Fig. 3. Cannula injection of DexM into the SCN increases the amount of NREM sleep in mice.

a Schematic diagram (left) and histological image (right) (scale bar: 200 μm) of the SCN with implanted guides and internal cannulas. b Schematic diagram of EEG/EMG electrode implantation. c Experimental timeline for saline or DexM injection and EEG/EMG recording. d, e EEG power spectrogram, EMG trace, and brain states of VIP-hM4D(Gi)-mCherry mice in saline and DexM groups. f–h Percentage of time in wakefulness (f), NREM sleep (g), and REM sleep (h) states in VIP-hM4D(Gi)-mCherry mice. f Data analyzed using two-way repeated-measures ANOVA (F_{(1, 4)} = 33.44, **P = 0.0044) and Bonferroni’s multiple comparisons tests (**P _(ZT15) = 0.0075; *P _(ZT17) = 0.0351); N = 3-5 mice). g data analyzed using two-way repeated-measures ANOVA (F_(1,4) = 19.64, *P = 0.0114) and Bonferroni’s multiple comparisons tests (**P _(ZT15) = 0.0050;*P _(ZT17) = 0.0480); N = 3-5 mice). h Data analyzed using two-way repeated-measures ANOVA ((F _(1,4) = 1.369, P = 0.3069); N = 3-5 mice). i EEG PSD of the saline group (black) and the DexM group (blue). a: 4 Hz, b: 8 Hz, c: 13 Hz. (Data analyzed using two-way repeated-measures ANOVA (F_{(1, 4)} = 3.142, P = 0.1510) and Bonferroni’s multiple comparisons test (**P _(3.9Hz) = 0.00301; ***P _(4.0-4.6Hz) < 0.0001; ***P _(4.7Hz) = 0.002; *P _(4.8Hz) = 0.0174; N = 5 mice). j Mean duration of wakefulness, NREM, and REM sleep over 5 h. (Data analyzed using paired Student’s t-test: P _{(wakefulness)} = 0.0960; P _(NREM) = 0.3521; *P _(REM) = 0.0438; N = 5 mice). k Number of transitions between wakefulness, NREM sleep, and REM sleep states over 5 h. (Data analyzed using paired Student’s t-test: P _{(wakefulness to NREM)} = 0.1030; P _{(NREM to wakefulness)} = 0.1239; P _{(NREM to REM)} = 0.0539; P _{(REM to wakefulness)} = 0.1926; Wilcoxon matched-pairs signed rank test: P _{(REM to NREM)} = 0.1250; N = 5 mice). Data are represented as mean ± SEM.

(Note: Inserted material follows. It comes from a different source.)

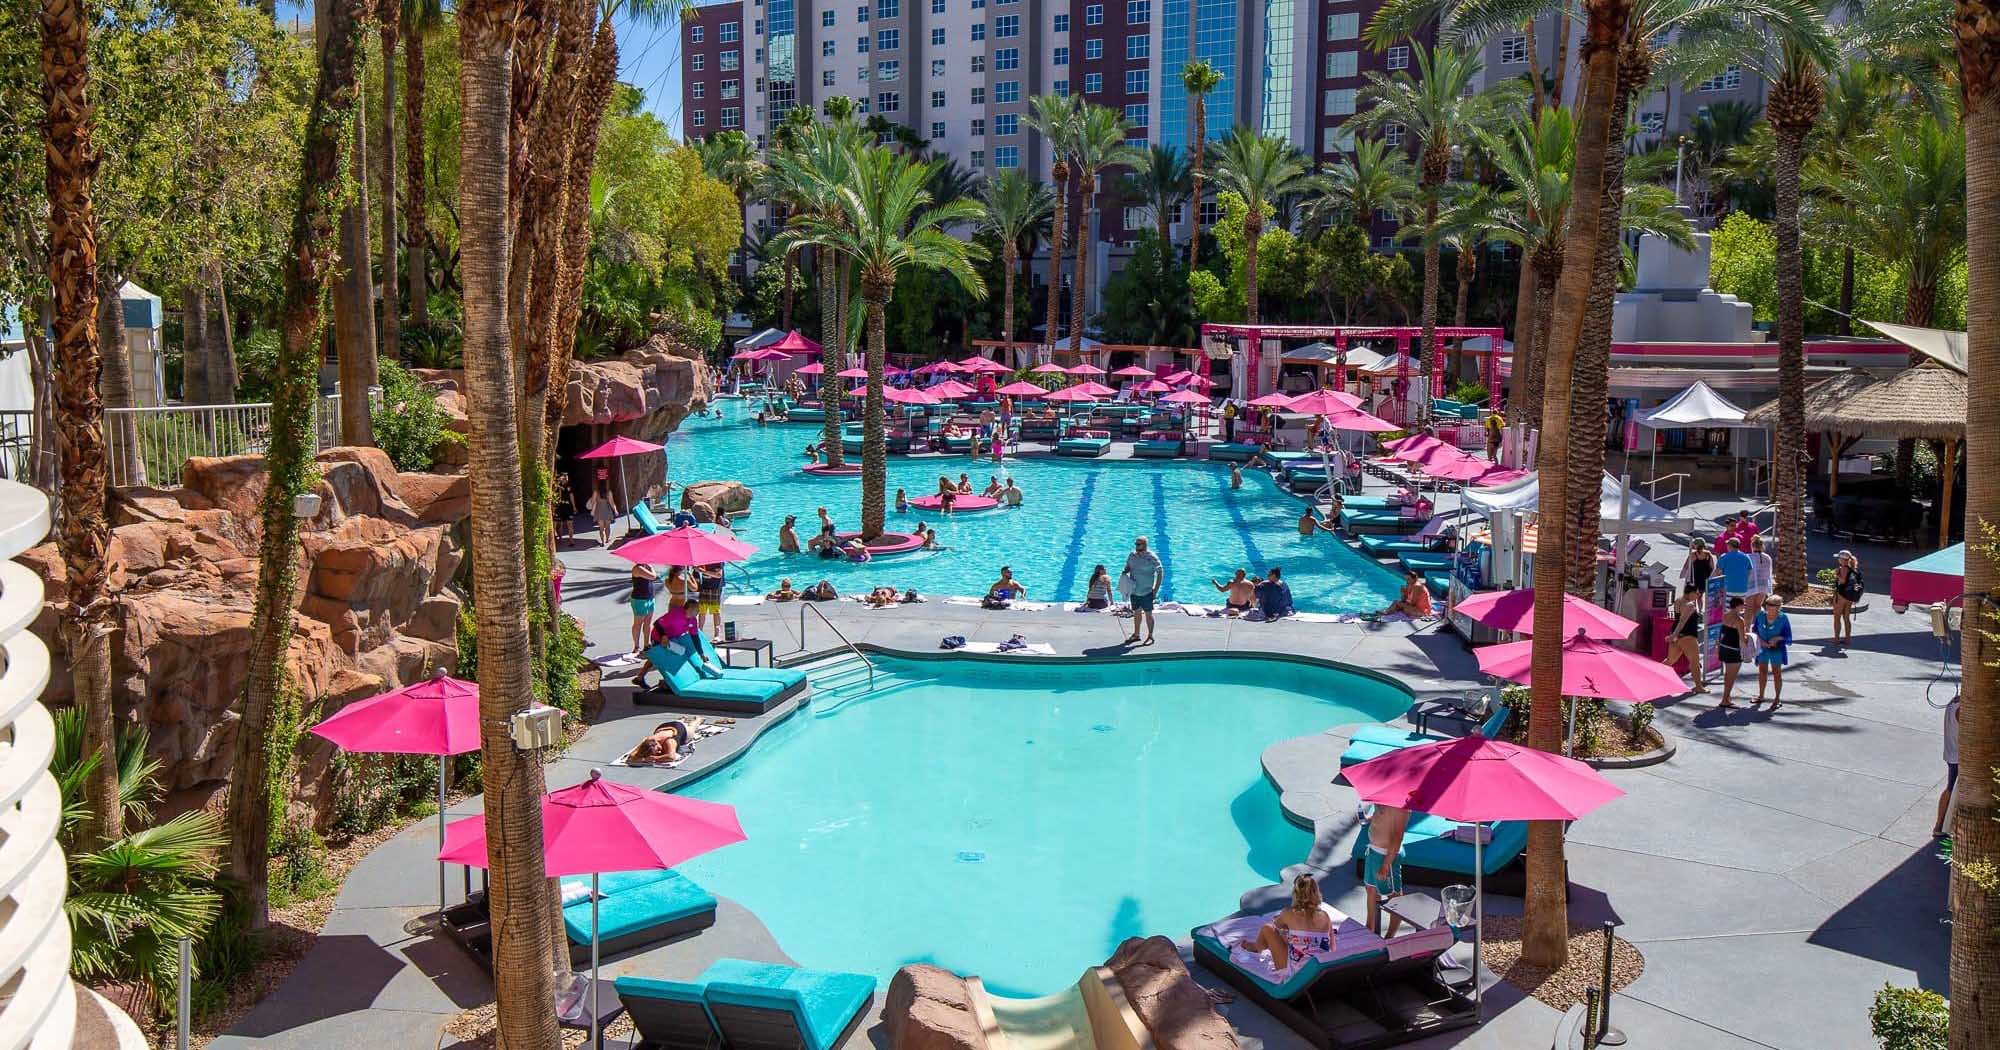 Flamingo pool Las Vegas Hotels

Fig. 4. Chemogenetic inhibition of SCN^VIP neurons counteracts the sleep differences caused by DexM.

a Experimental timeline for saline/ CNO/ DexM injection and EEG/EMG recording. b, c EEG power spectrograms, EMG traces, and sleep-wakefulness states of VIP-hM4D(Gi)-mCherry mice in the CNO+saline and CNO+ DexM groups. d–f Time-course changes in wakefulness (d), NREM (e), and REM (f) states in VIP-hM4D(Gi)-mCherry mice. (Data analyzed using two-way repeated-measures ANOVA; d F _(1,2) = 0.04975, P = 0.8442; N = 3 mice; (e) F _(1,2) = 0.04474, P = 0.8521; N = 3 mice; f F _(1,2) = 0.2948, P = 0.6416; N = 3 mice). g EEG PSD of the CNO+saline group (black) and CNO+ DexM group (blue). a: 4 Hz, b: 8 Hz, c: 13 Hz. (Data analyzed using two-way repeated-measures ANOVA (F_{(1, 2)} = 0.2444, P = 0.6700) and Bonferroni’s multiple comparisons test (P _{(3.9-4.8 Hz)} > 0.05); N = 3 mice). h Mean duration of wakefulness, NREM, and REM sleep over 5 h. (Data analyzed using paired Student’s t-test: P _{(wakefulness)} = 0.5358; P _(NREM) = 0.4118; P _(REM) = 0.8498; N = 3 mice). i Number of transitions between wake, NREM sleep, and REM sleep states over 5 h. (Data analyzed using paired Student’s t-test: P _{(wakefulness to NREM)} = 0.3590; P _{(NREM to wakefulness)} = 0.3532; P _{(NREM to REM)} = 0.5485; P _{(REM to wakefulness)} = 0.4771; P _{(REM to NREM)} > 0.9999; N = 3 mice). Data are represented as mean ± SEM.

Fig. 5. DexM increases the frequency of AP and glutamatergic PSCs while decreasing the frequency of GABAergic PSCs in SCN^VIP neurons.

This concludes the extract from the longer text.